Berbeda dengan kisah Nabi Musa

Napak tilas Nabi Musa menjadi destinasi wisata favorit.

Meski tak ada kaitannya, sejumlah warganet mengaitkan halocline di Madura dengan kisah Nabi Musa, yang dikaruniai mukjizat untuk membelah lautan kala dikejar oleh Firaun dan pengikutnya.

Fenomena alam ini tentunya berbeda dengan kisah Nabi Musa. Fenomena alam yang terjadi di Suramadu akibat Halocline, sedangkan pada kisah Nabi Musa disebakan karena salah satu bagian air terdorong ke sisi berlawanan.

Menurut hasil penelitian yang disimulasikan di komputer, angin timur yang bertiup kencang membantu Nabi Musa menghempaskan air laut hingga membentuk laguna. Begitujuga dengan menurut Ilmu Fisika, angin menghempaskan air menjadi sebuah jalur yang aman untuk dilintasi, karena sifatnya yang luwes. Setelah itu, air kembali mengalir seperti semula.

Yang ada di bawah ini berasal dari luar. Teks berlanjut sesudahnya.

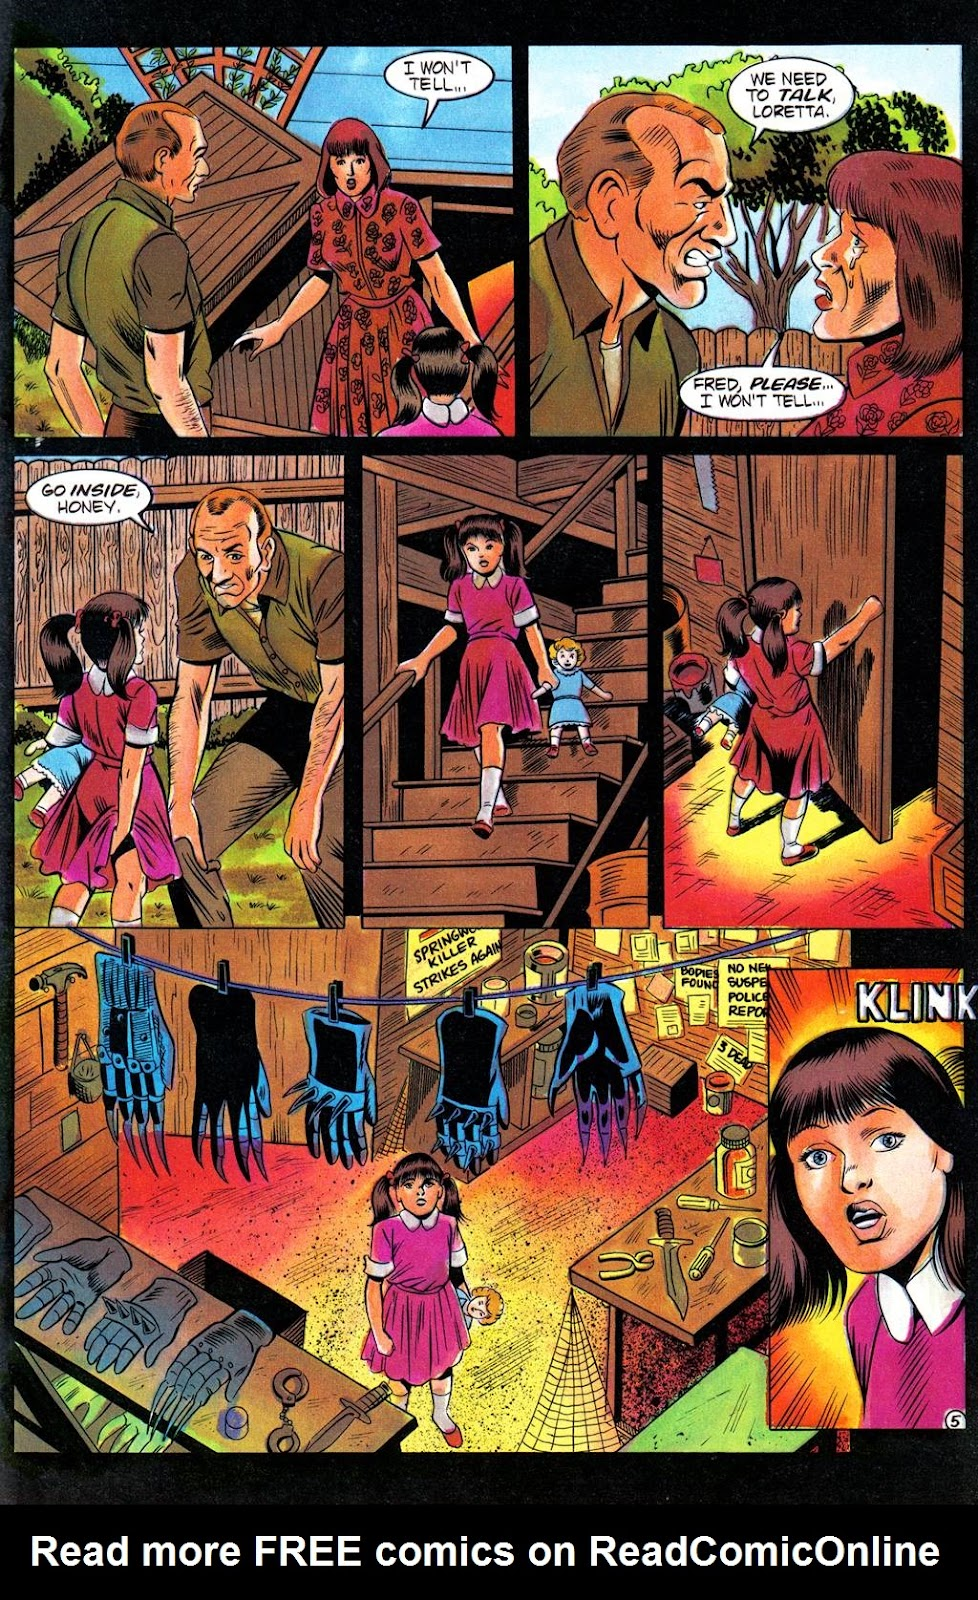 Read online Freddy's Dead: The Final Nightmare comic -  Issue #3 - 7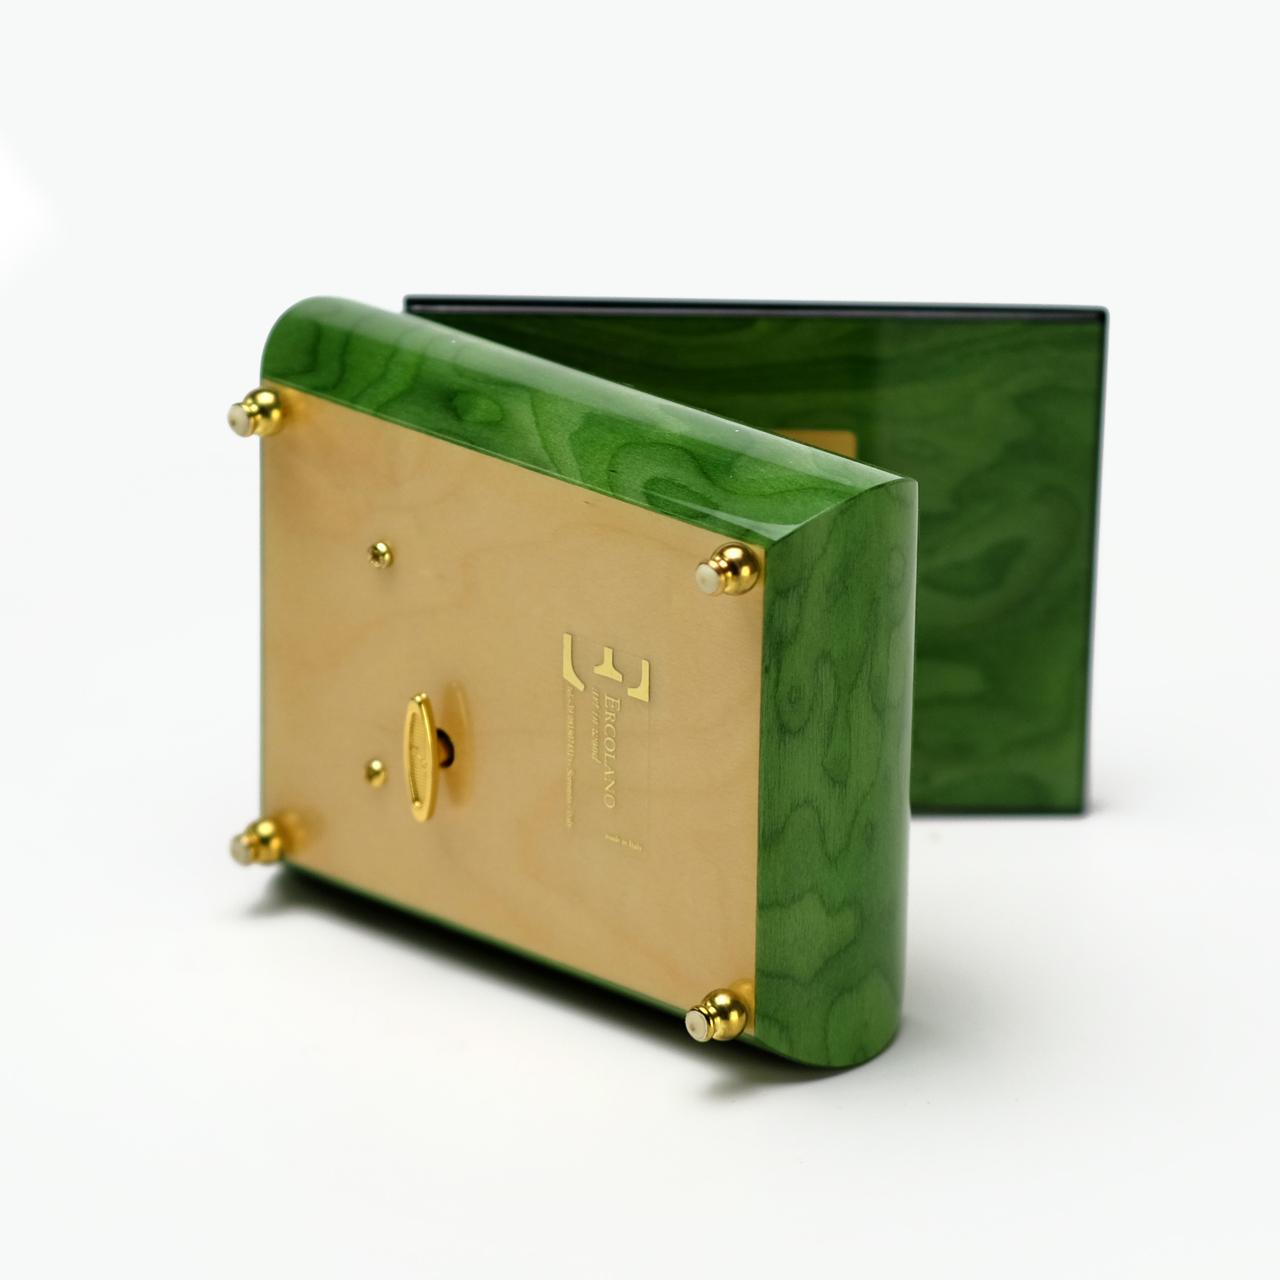 Handmade Ercolano 18 Note Music Box - Painting The Little Dragon Vase by Brenda Burke

Hasil penelitian itu menunjukkan, angin timur berkecepatan sekitar 101 kilometer per jam yang bertiup selama 12 jam dapat membelah laut selama empat jam. Selanjutnya angin itu juga yang membentuk jalan sepanjang tiga kilometer. Peristiwa itulah yang dalam kitab suci umat Islam atau Kristen disebut sebagai mukjizat Nabi Musa  membelah laut.

Dalam versi kitab Samawi, mukjizat itu diberikan Allah SWT kepada Nabi Musa AS, agar ia dan kaum Yahudi bisa meninggalkan Mesir dan menghindari kejaran tentara Firaun. Sebaliknya, Firaun dan sebagian besar tentaranya tewas ditelan laut yang tiba-tiba menyatu kembali.